45 giorni dopo, la prima Docg italiana in bottiglia, conferma l’eleganza e i grandi profumi dell’uva raccolta in vendemmia. Moscato d’Asti Experience: un grande successo.


Successo a Nizza Monferrato anche per la Barbera d’Asti.

Un evento possibile grazie allo spirito di collaborazione che ha animato i Consorzi di tutela dell’Asti Docg e della Barbera d’Asti e vini del Monferrato.

Con i loro 21.000 ettari rappresentano circa il 60% del vitigno piemontese a Doc e Docg, per circa 160 milioni di bottiglie.

Moscato d’Asti Experience: un grande successo

Presenti un centinaio di giornalisti, wine writer e blogger provenienti dall’Italia e dai paesi esteri di riferimento per le Denominazioni: USA, Regno Unito, Paesi scandinavi, Repubbliche Baltiche, Russia, Germania.

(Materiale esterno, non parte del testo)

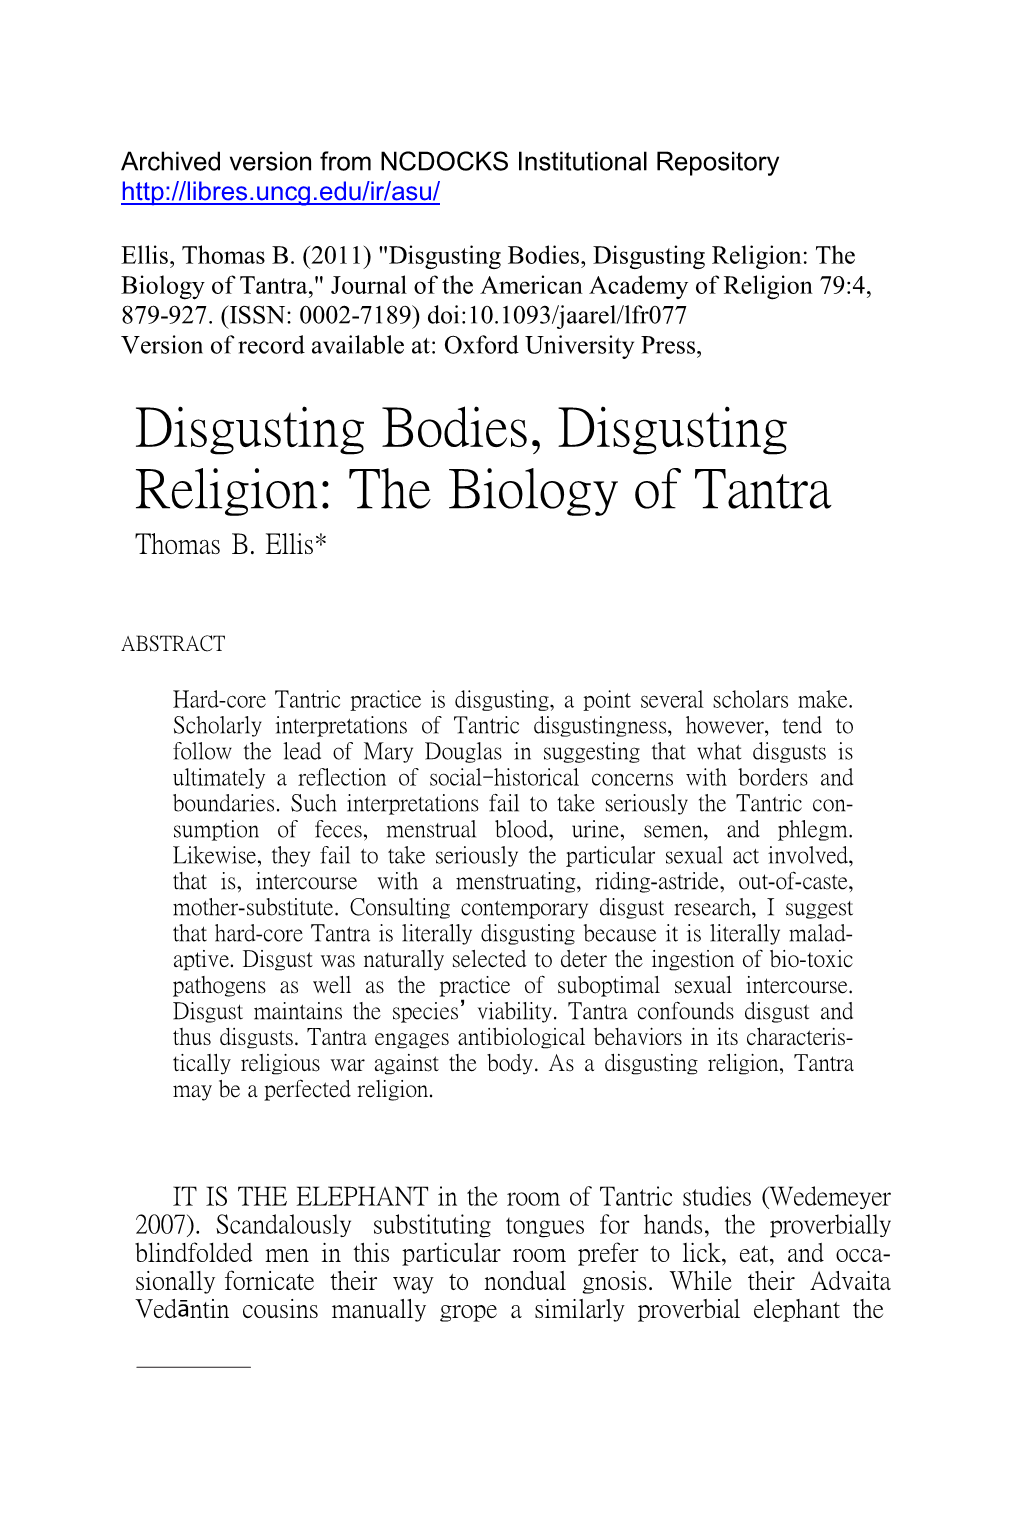 Disgusting Bodies, Disgusting Religion: the Biology of Tantra," Journal of the American Academy of Religion 79:4, 879-927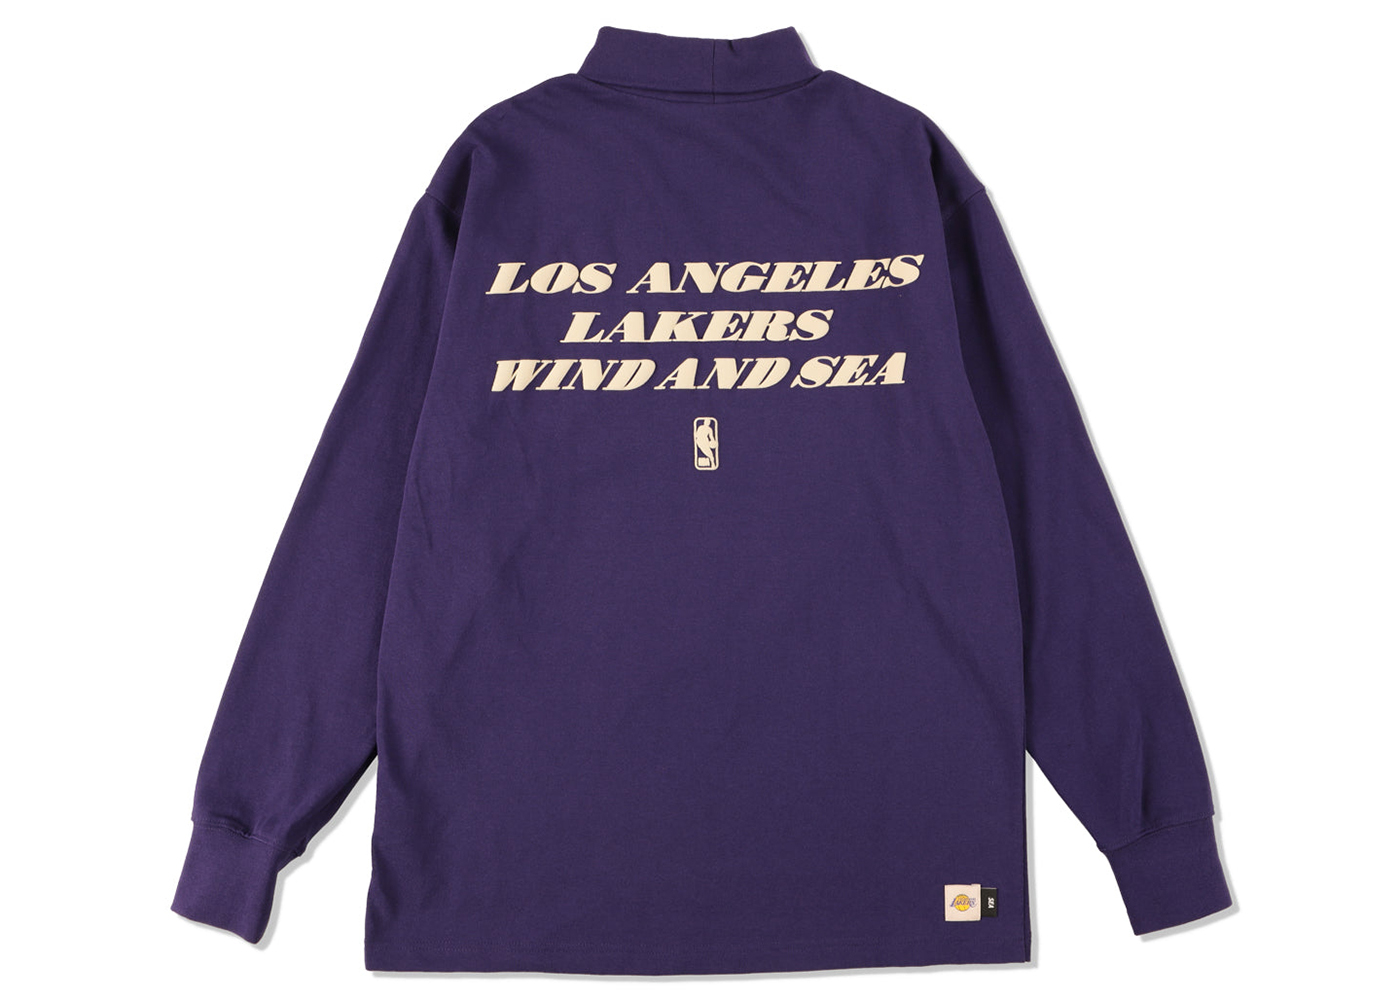 Wind and Sea NBA Turtle Neck L/S Tee Losangeles Lakers - SS23

Nutrito anche il gruppo asiatico, proveniente da Cina, Giappone, Corea del Sud e Singapore.

“Il mondo dell’Asti è rappresentato da un territorio speciale e con una storia antica – una terra, un’uva, quella di Moscato Bianco, e tre vini Docg che rappresentano un tesoro di aromi: Asti Dolce, Asti Secco, spumantizzati con metodo Martinotti, e il Moscato d’Asti»,


sostiene Walter Speller, inviato per l’Italia del prestigioso blog jancisrobinson.com

Grande successo della degustazione, dove la nuova annata ha Consorzio Asti Docg rivelato tanto l’ampio ed elegante bouquet organolettico quanto le enormi opportunità in termini di abbinamento, grazie anche al nuovo Asti Secco Docg.

Una tipologia questa giunta alla sua seconda vendemmia, che rende l’Asti un vino ottimo per molti piatti, pur mantenendo intatto quel suo carattere rural glam che lo ha reso celebre.

Al Foro Boario di Nizza Monferrato, nel cuore del suo territorio di produzione è andata in scena “Barbera Revolution” condotta da Kerin O’Keefe.

Una Masterclass realizzata per la grande “rossa” piemontese, dove sono emersi i tratti distintivi di questo vino, sempre di più tra gli interpreti di primo piano della produzione vinicola italiana.

Un vitigno dalla cui versatilità prendono forma vini capaci di farsi
apprezzare giovani ma anche di invecchiare, maturando una complessità che li colloca di diritto nel novero dei grandi vini internazionali.

L’Enoteca regionale di Acqui Terme, insieme al Consorzio del Brachetto, ha ospitato un seminario di approfondimento dedicato alla nuova tipologia Acqui Docg Rosé brut e al Brachetto d’Acqui Docg, un vino rosso dolce e molto conosciuto, prodotto con un vitigno autoctono e italiano al 100%.


L’assaggio ha colpito per la grande piacevolezza e aromaticità del vitigno.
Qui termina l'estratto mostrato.